* _TASK TO COMPLETE_
Where the string "Blue" appears in a line of the data, show that line.
[RECORD EXCERPTS]
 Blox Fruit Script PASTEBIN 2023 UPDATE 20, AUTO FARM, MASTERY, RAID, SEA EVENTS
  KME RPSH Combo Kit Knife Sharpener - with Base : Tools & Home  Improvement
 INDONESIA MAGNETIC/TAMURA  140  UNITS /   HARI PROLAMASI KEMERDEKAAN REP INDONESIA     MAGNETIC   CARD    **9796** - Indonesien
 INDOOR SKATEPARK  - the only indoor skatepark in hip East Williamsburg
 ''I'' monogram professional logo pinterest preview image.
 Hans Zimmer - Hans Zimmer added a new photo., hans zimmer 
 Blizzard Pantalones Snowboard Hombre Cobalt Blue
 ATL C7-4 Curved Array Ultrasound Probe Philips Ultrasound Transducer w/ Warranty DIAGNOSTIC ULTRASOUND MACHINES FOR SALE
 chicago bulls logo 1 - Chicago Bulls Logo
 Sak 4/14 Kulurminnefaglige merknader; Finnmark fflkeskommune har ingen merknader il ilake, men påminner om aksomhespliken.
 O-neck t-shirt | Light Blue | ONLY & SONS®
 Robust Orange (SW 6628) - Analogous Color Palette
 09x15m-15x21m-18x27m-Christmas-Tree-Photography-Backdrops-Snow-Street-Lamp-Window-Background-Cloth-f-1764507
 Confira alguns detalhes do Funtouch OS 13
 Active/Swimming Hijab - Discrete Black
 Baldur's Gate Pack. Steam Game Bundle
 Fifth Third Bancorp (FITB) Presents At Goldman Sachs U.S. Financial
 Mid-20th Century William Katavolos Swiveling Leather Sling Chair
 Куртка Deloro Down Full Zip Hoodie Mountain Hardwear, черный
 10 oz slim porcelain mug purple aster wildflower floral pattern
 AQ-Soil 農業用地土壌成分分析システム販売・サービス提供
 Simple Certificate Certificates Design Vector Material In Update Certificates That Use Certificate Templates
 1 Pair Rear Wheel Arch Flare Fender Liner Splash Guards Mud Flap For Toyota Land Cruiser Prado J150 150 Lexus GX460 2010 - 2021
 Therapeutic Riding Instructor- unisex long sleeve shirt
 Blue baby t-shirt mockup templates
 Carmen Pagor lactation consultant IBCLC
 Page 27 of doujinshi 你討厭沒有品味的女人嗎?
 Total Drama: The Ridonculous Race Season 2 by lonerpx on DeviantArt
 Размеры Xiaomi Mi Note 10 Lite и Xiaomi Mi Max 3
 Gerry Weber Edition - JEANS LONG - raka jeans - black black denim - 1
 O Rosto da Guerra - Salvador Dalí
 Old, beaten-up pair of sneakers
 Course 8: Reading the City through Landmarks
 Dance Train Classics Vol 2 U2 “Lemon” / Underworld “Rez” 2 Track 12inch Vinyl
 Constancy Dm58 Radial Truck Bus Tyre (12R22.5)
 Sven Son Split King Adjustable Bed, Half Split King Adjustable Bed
[/RECORD EXCERPTS]
* _TASK RESPONSE_
 Blizzard Pantalones Snowboard Hombre Cobalt Blue
 O-neck t-shirt | Light Blue | ONLY & SONS®
 Blue baby t-shirt mockup templates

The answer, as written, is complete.